My bachelor’s degree had 10 weeks of training in home health, which is very unusual. Most nursing programs don’t offer any home health-specific training. I got an entire semester, and from that point on, I was hooked. I’ve spent the last 30-plus years carrying a bag, supervising nurses, running agencies, building specialty programs, and, more recently, helping technology teams understand what clinicians actually need. And after all that time, the thing I keep coming back to is that home health was designed to do something very specific, and we’ve buried that purpose under so much documentation that we can barely see it anymore.
People Heal Better at Home
We know from research that patients recover faster when they’re in their own environment. Patients with dementia have significantly less confusion when they’re cared for at home versus being moved to a hospital, where everything is unfamiliar, and the schedule revolves around clinical convenience rather than the patient’s needs. Infection rates drop. Outcomes improve. And the cost difference is dramatic: a day in the hospital runs roughly $3,100, while a day of home-based care is around $1,100.
Why? Because at home you’re not paying for the building, the 24-hour nursing staff, the housekeeping, the kitchens, the lab staff, and all the support infrastructure that keeps a hospital running even when an individual patient doesn’t need most of it on any given day.
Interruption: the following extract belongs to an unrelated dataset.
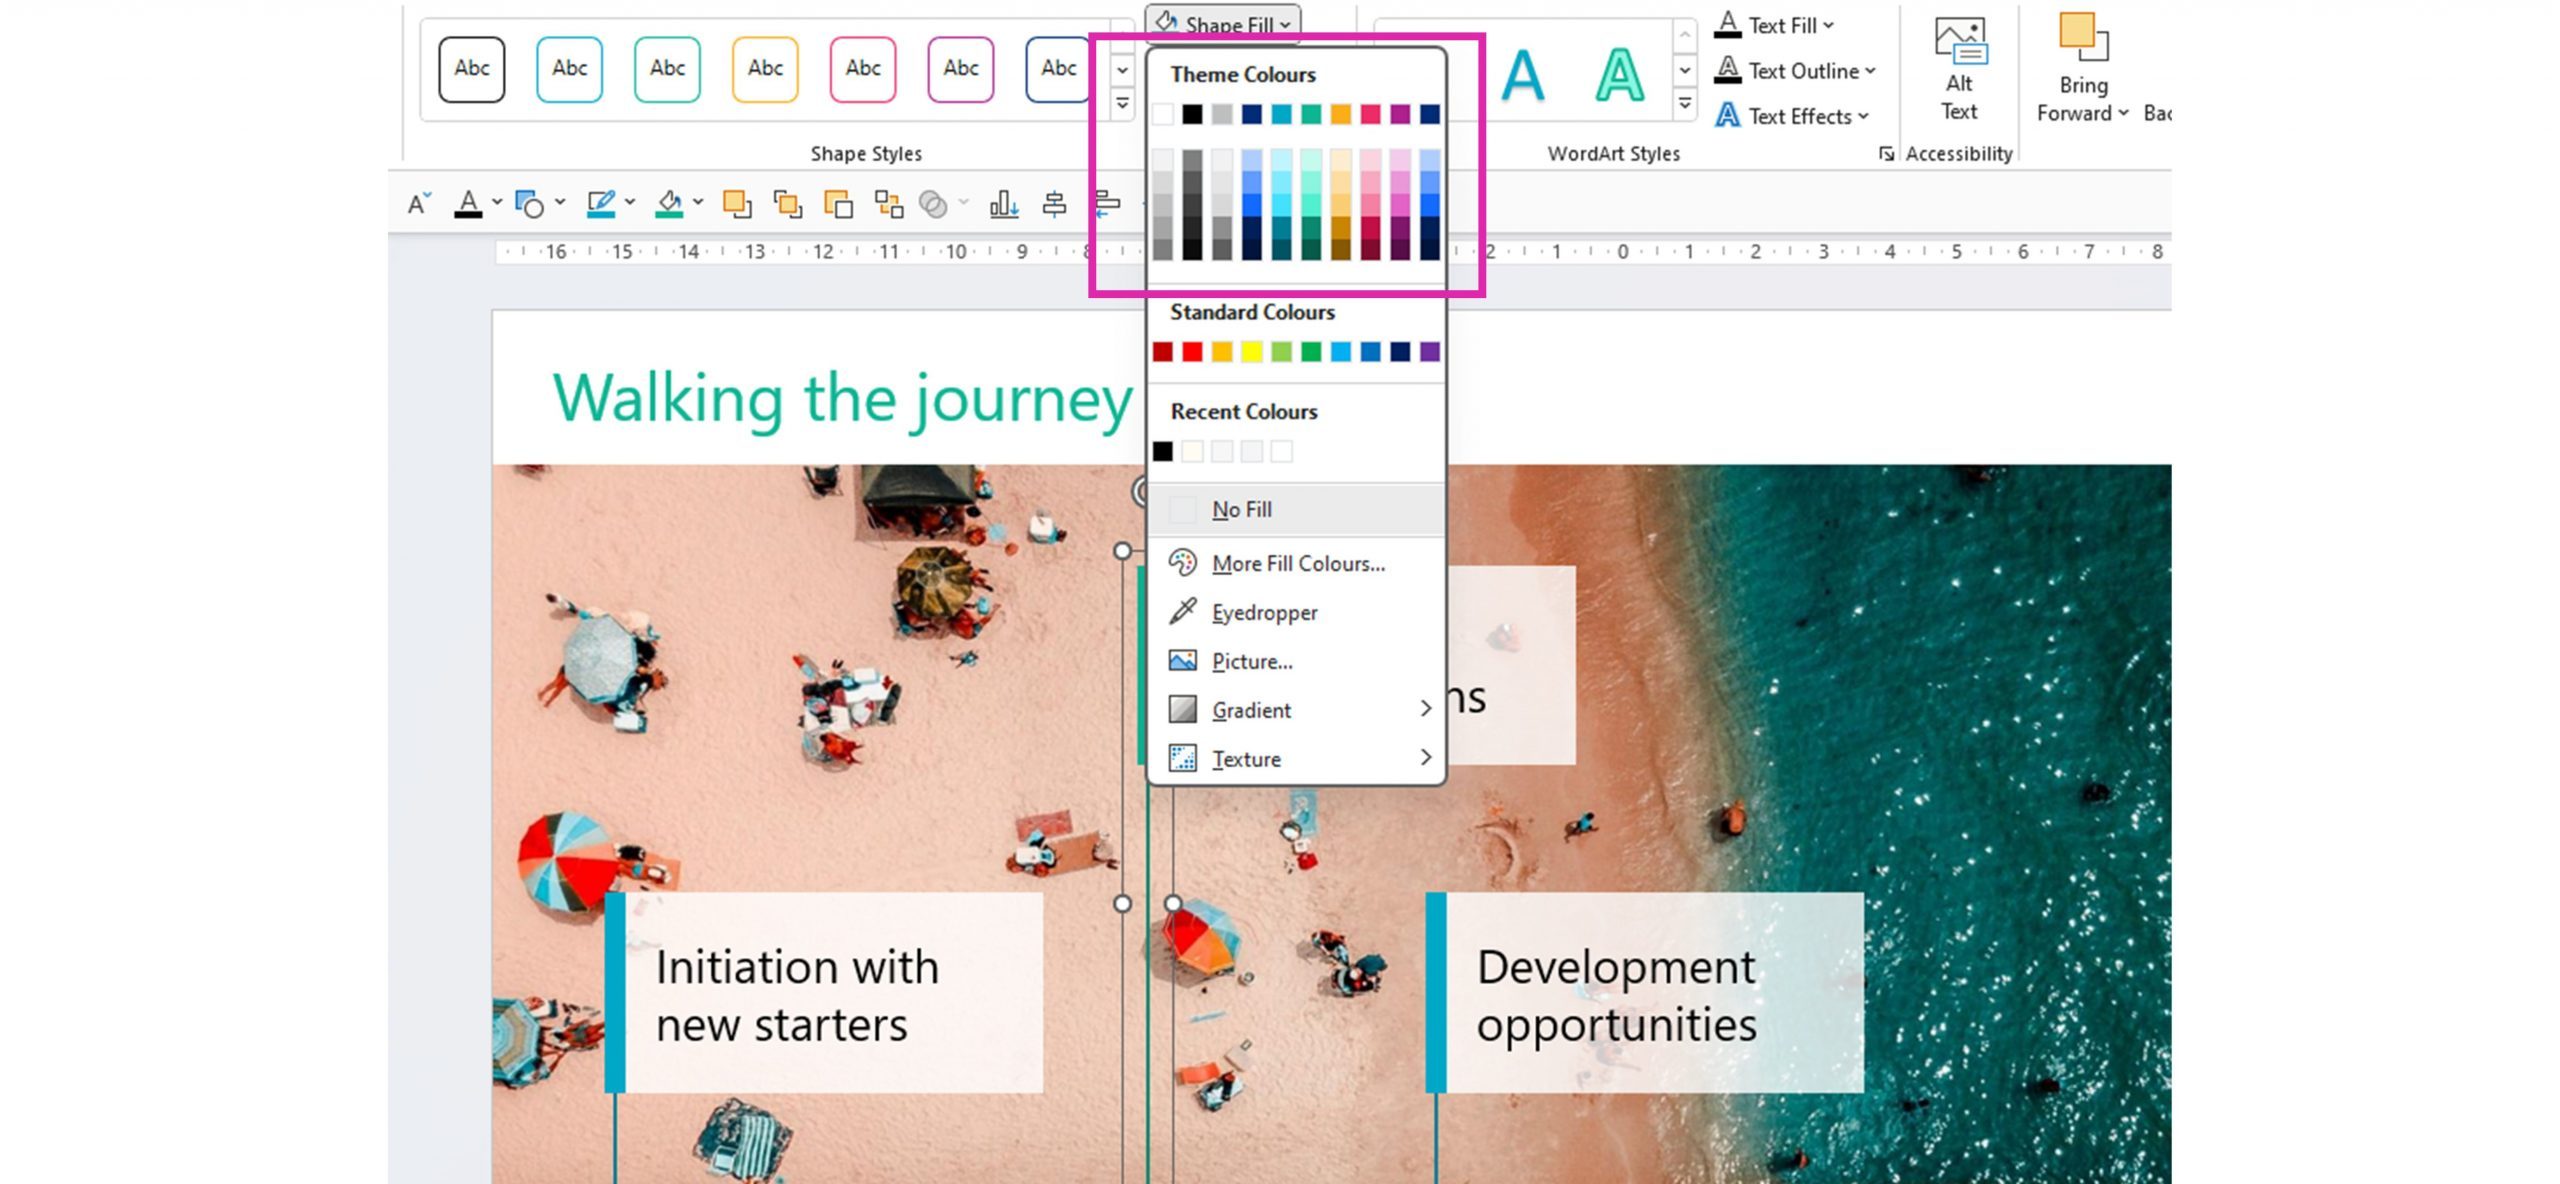 Screenshot, theme colours in PowerPoint

For patients who are past the acute phase, there’s no clinical reason to keep them in that environment. The powers that be want to move care into the home. But if we’re going to do that, we have to figure out a much better way to deliver it.
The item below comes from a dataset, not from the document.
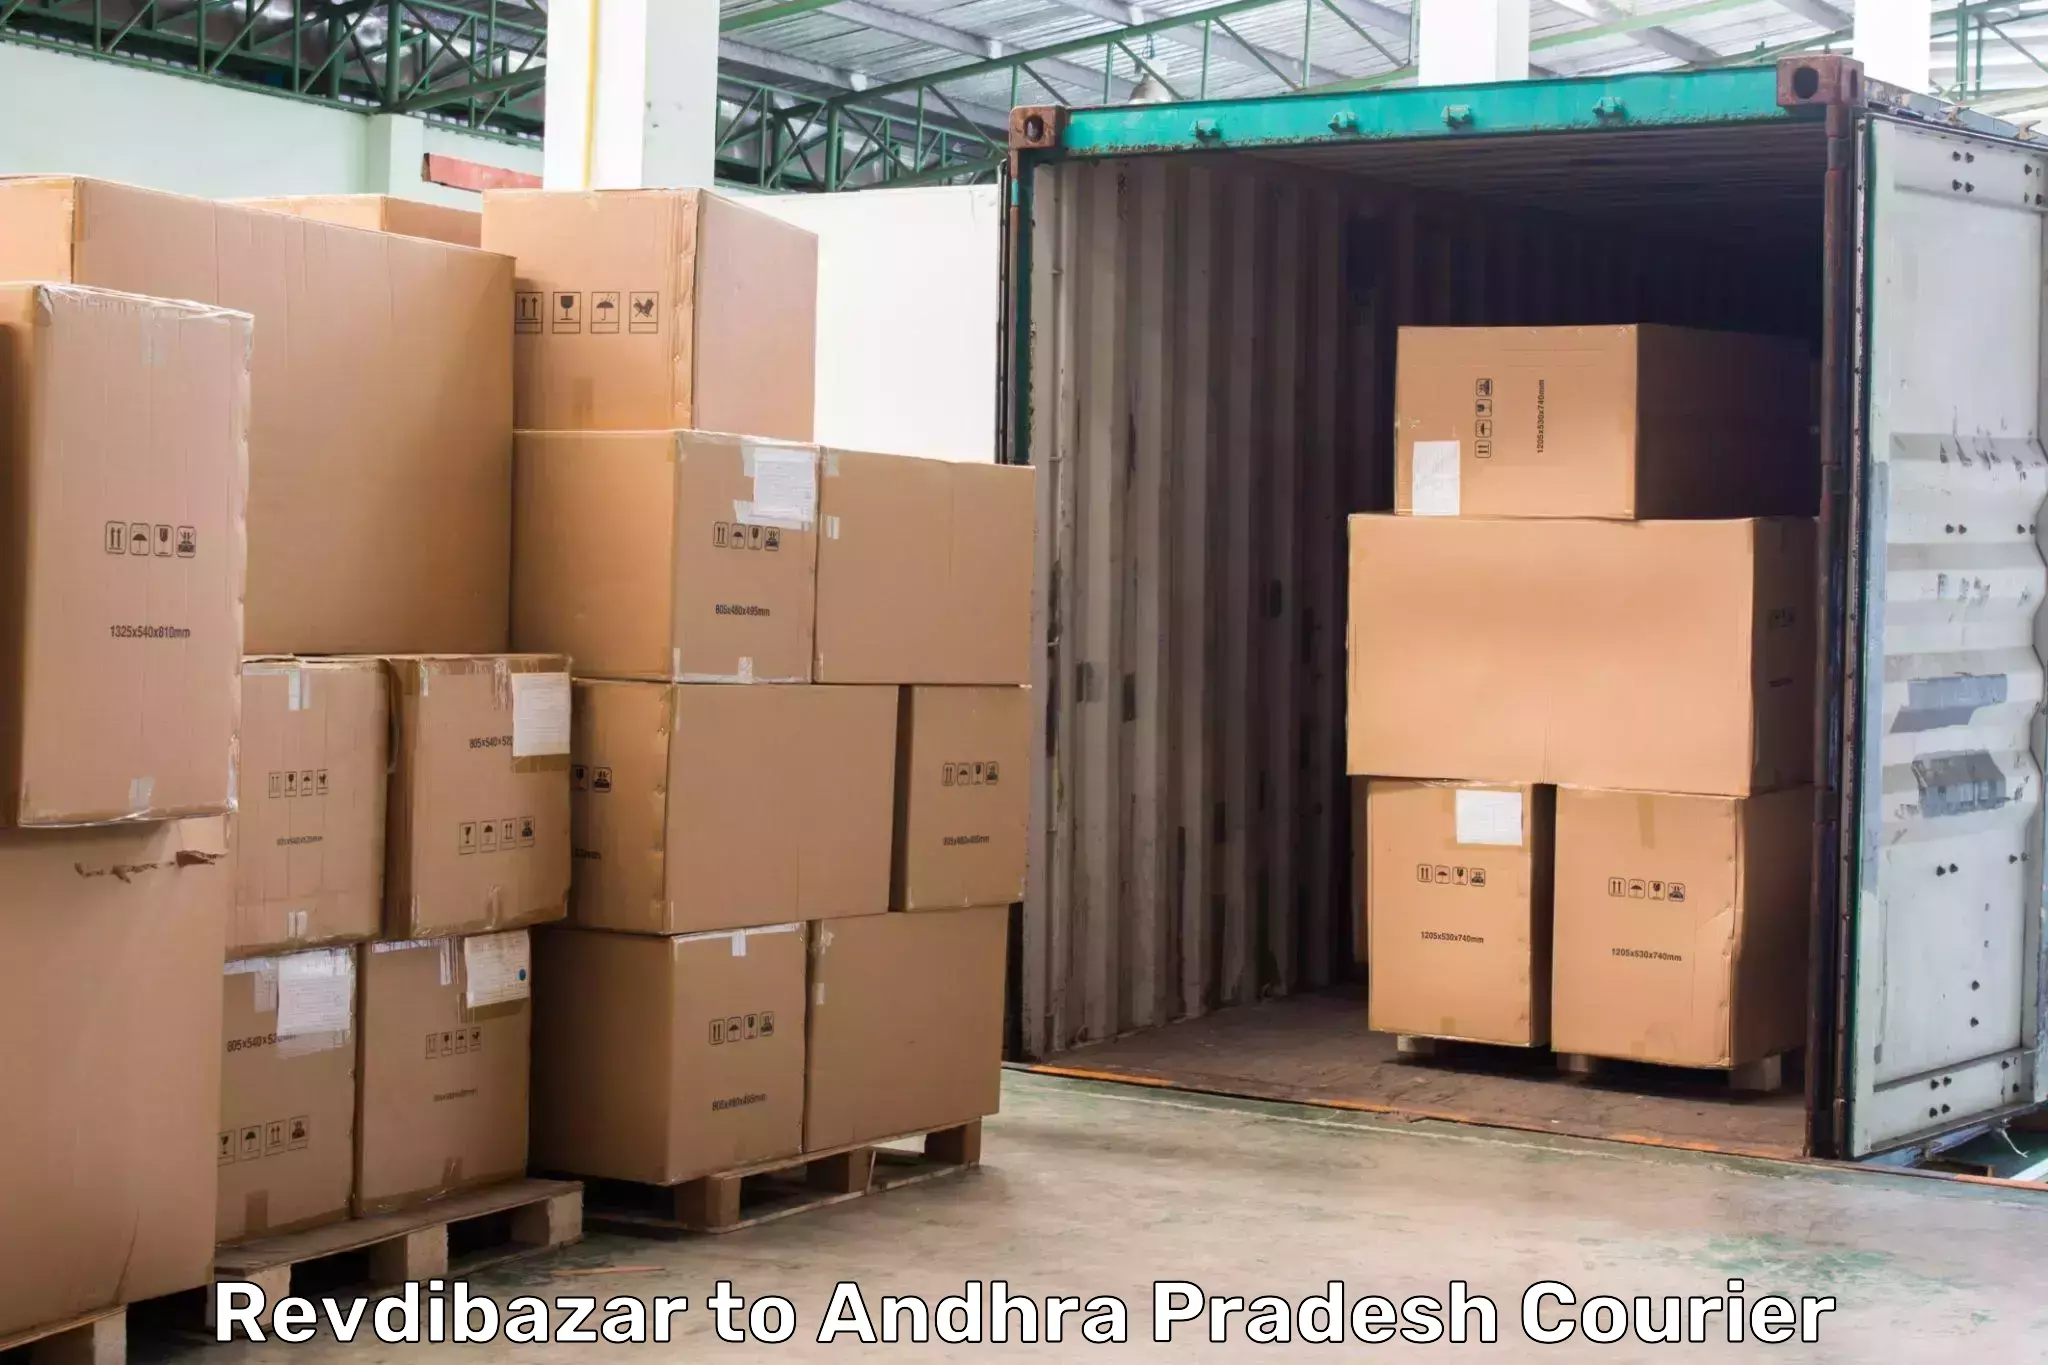 Nationwide parcel services Revdibazar to Mangalagiri

The Bridge That Became a Bottleneck
When Medicare funded home health care in the 1960s, the concept was beautifully simple: a short-term bridge between being completely cared for in the hospital and being completely independent at home. It was designed to be intermittent visits from a clinical specialist, like a nurse, physical, occupational, or speech therapist, for a short period of time, not daily or forever. The patient would be seen up to several times a week over a 30- 60 day episode of care. During that time, the clinician would provide education and training to the patient and any caregivers to promote safe self-management. The patient would be discharged when the goals were met or when the patient no longer required skilled services. The whole point was to have a finite, predictable ending of service. When we walk in the door, we’re already supposed to be thinking about when we’re going to discharge the patient.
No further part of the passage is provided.